▶ Data shown:
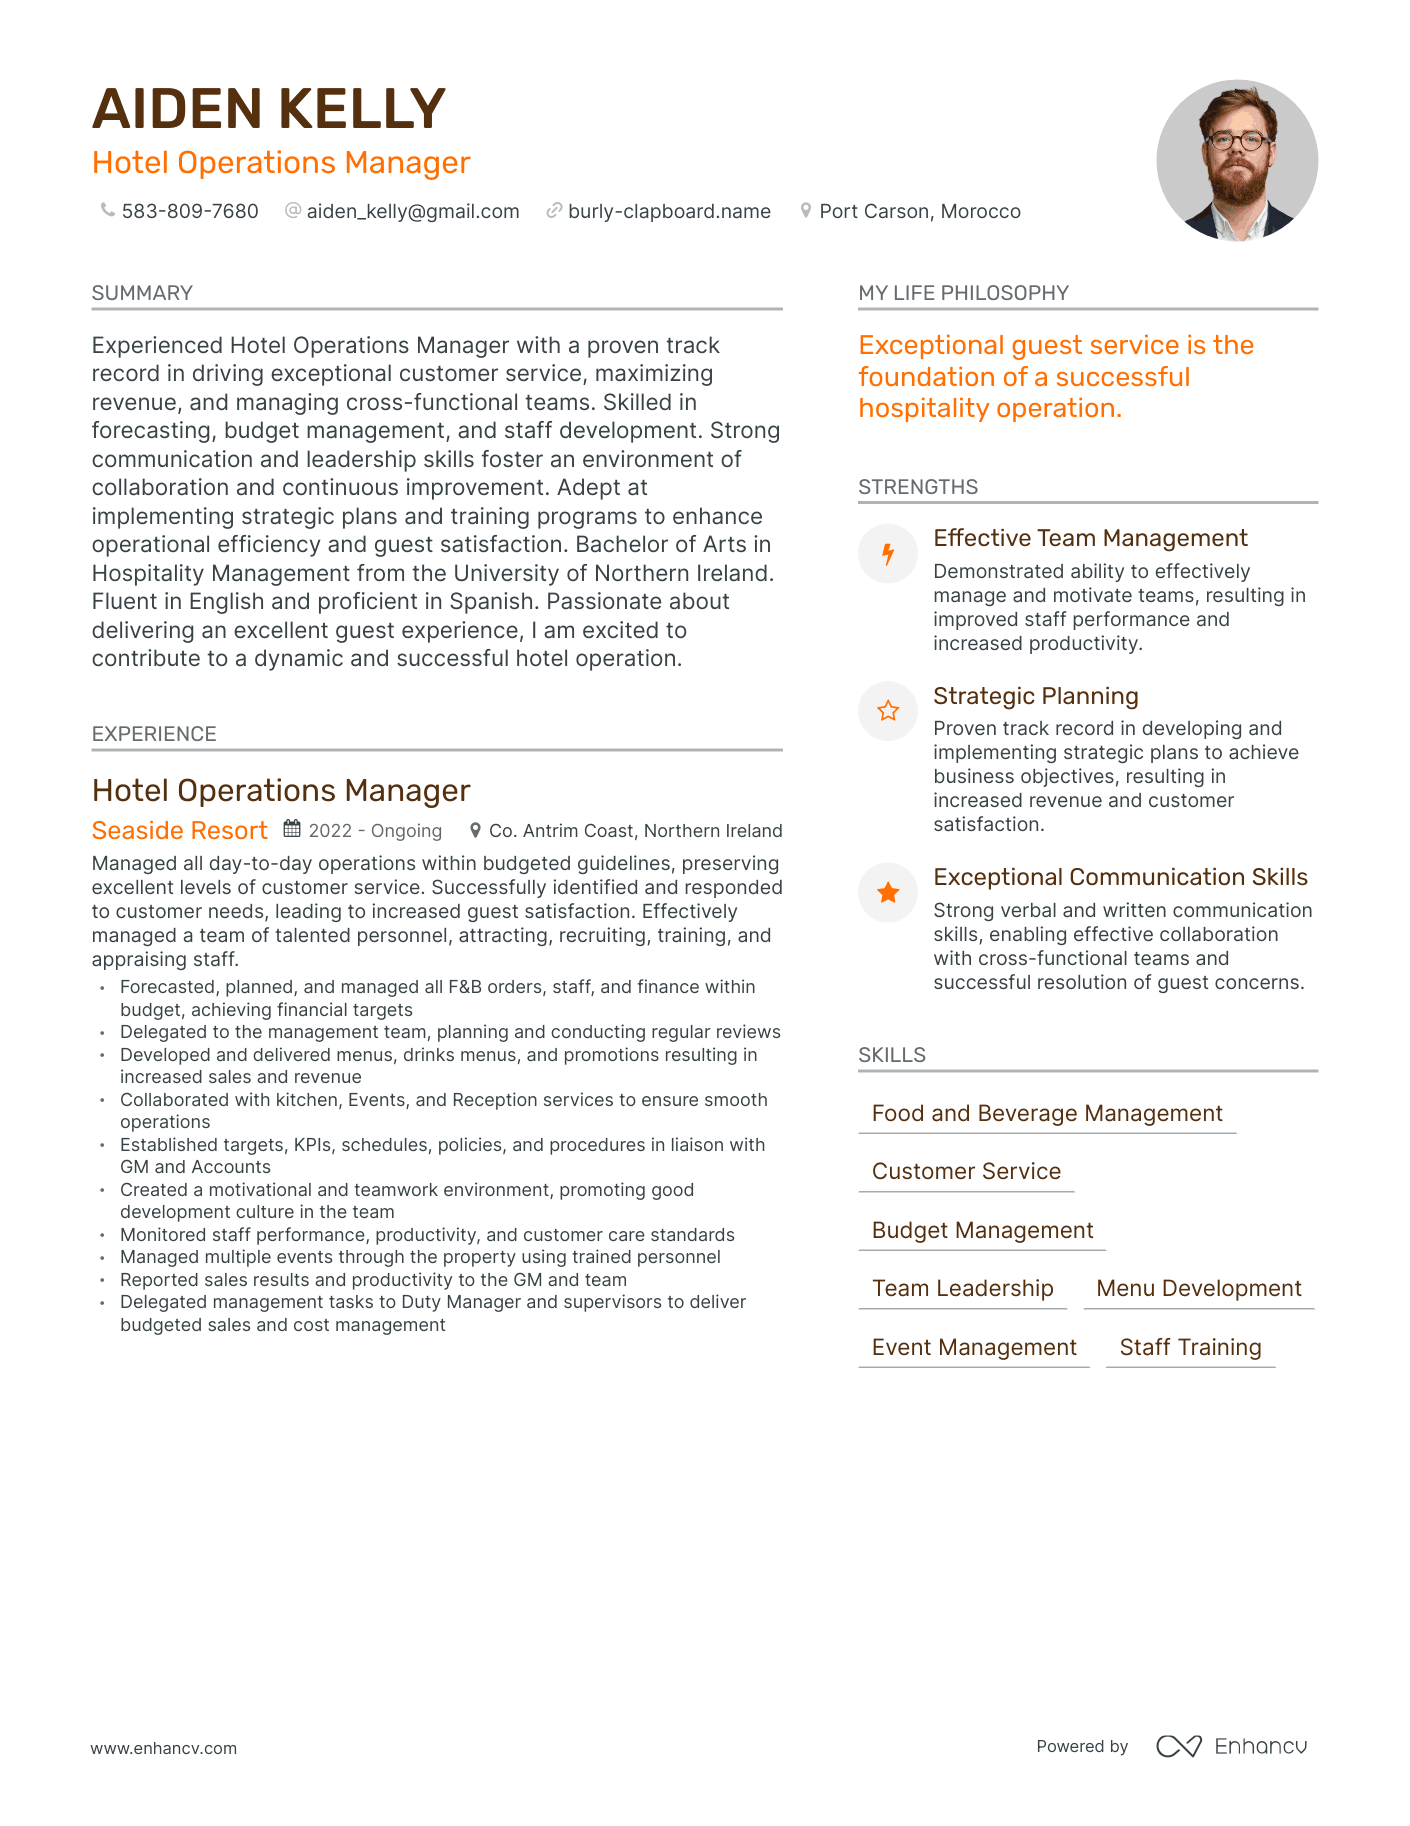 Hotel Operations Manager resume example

...

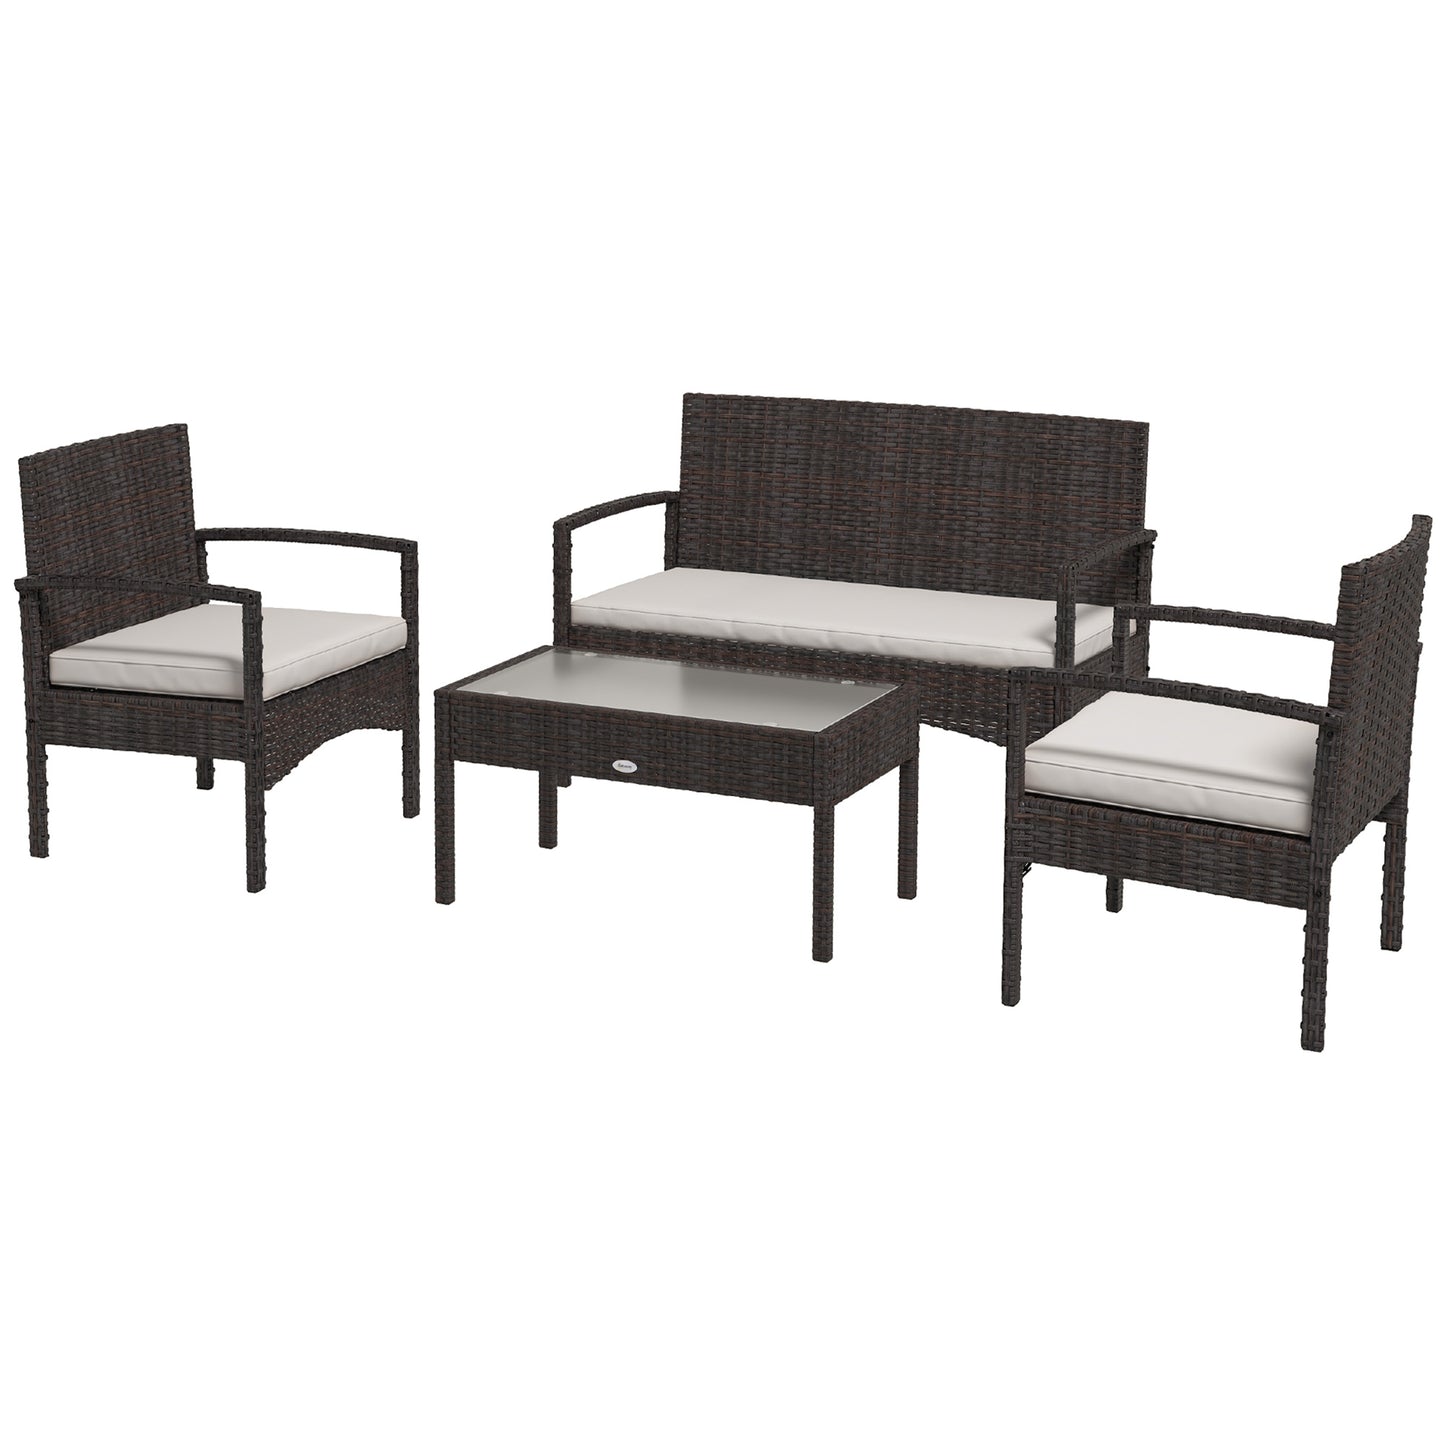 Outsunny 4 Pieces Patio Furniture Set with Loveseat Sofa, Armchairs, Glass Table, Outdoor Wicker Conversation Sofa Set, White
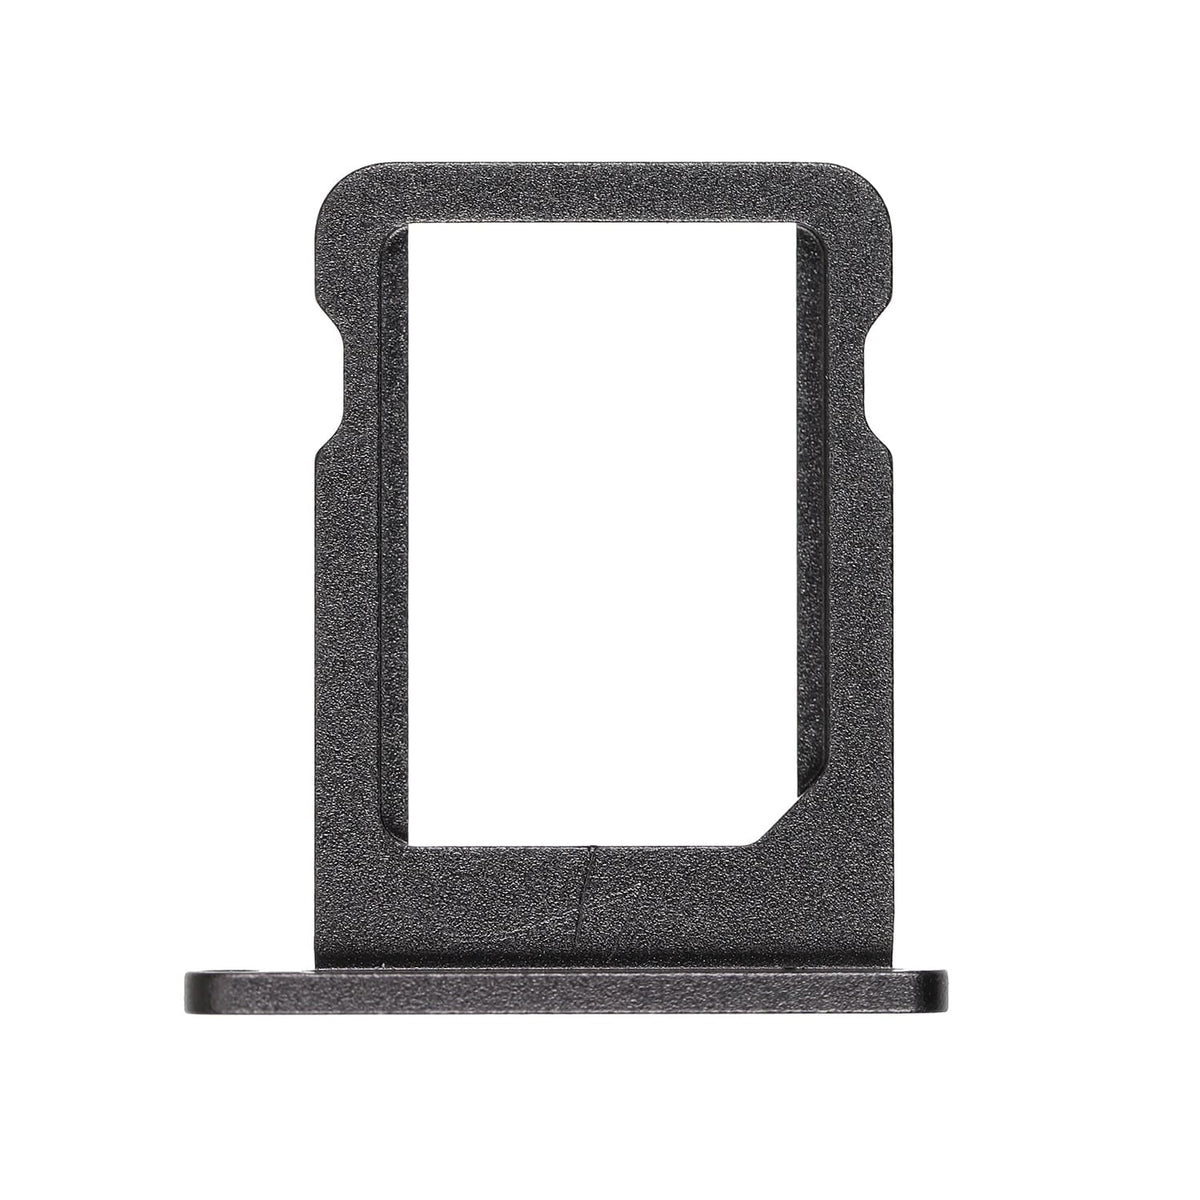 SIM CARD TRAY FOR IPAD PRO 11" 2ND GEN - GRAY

* * *

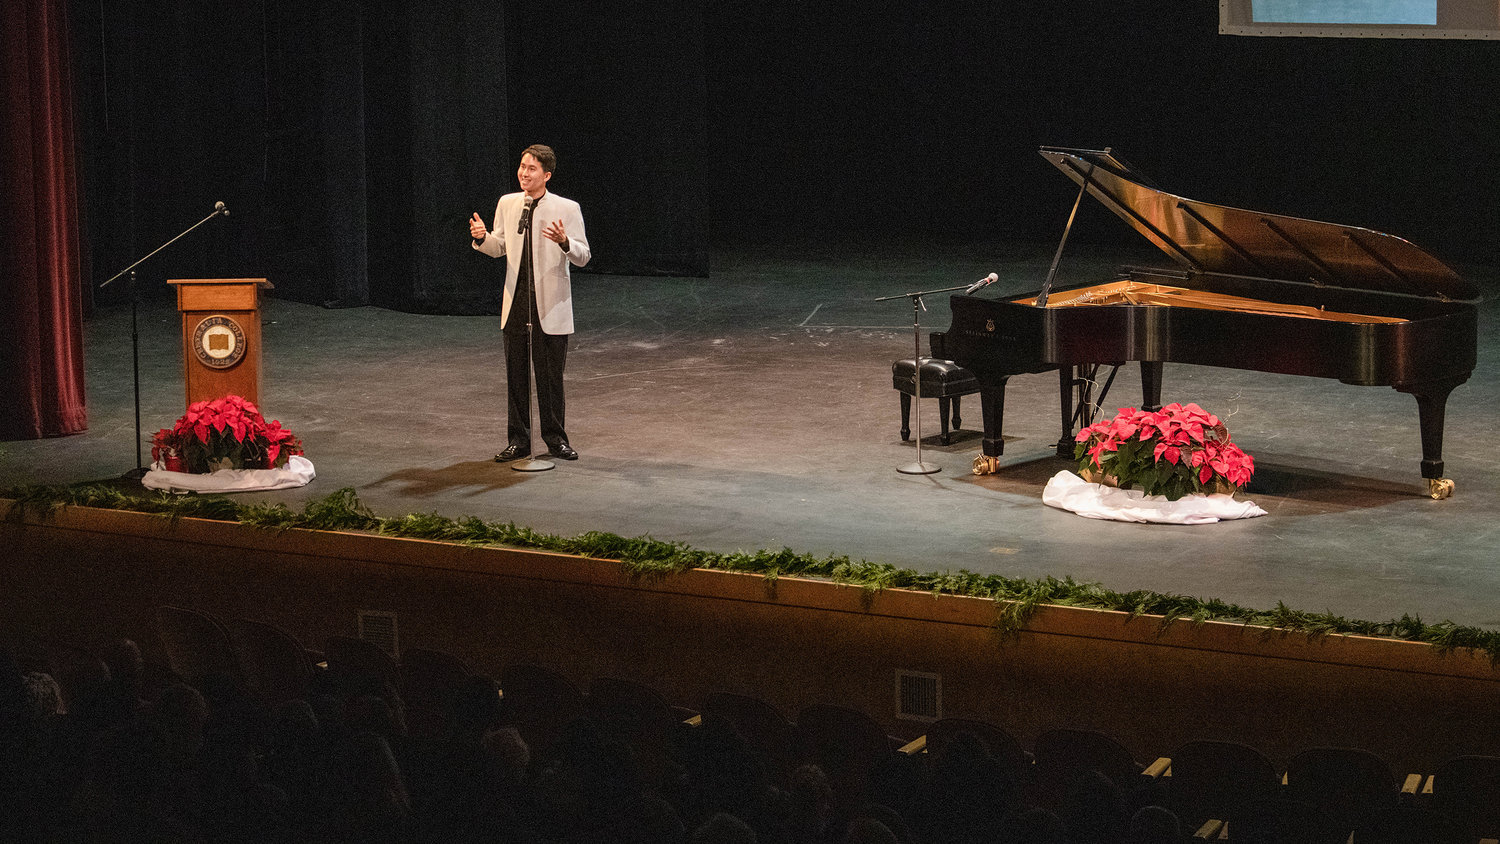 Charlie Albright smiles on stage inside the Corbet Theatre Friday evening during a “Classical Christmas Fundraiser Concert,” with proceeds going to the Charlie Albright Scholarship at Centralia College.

▶ What the task requires: The material above holds pictures; leave them out. Repeat exactly the lines from the one containing "Outsunny 4 Pieces" through the one containing "SIM CARD TRAY", and nothing else.

▶ Answer area:
 Outsunny 4 Pieces Patio Furniture Set with Loveseat Sofa, Armchairs, Glass Table, Outdoor Wicker Conversation Sofa Set, White
 SIM CARD TRAY FOR IPAD PRO 11" 2ND GEN - GRAY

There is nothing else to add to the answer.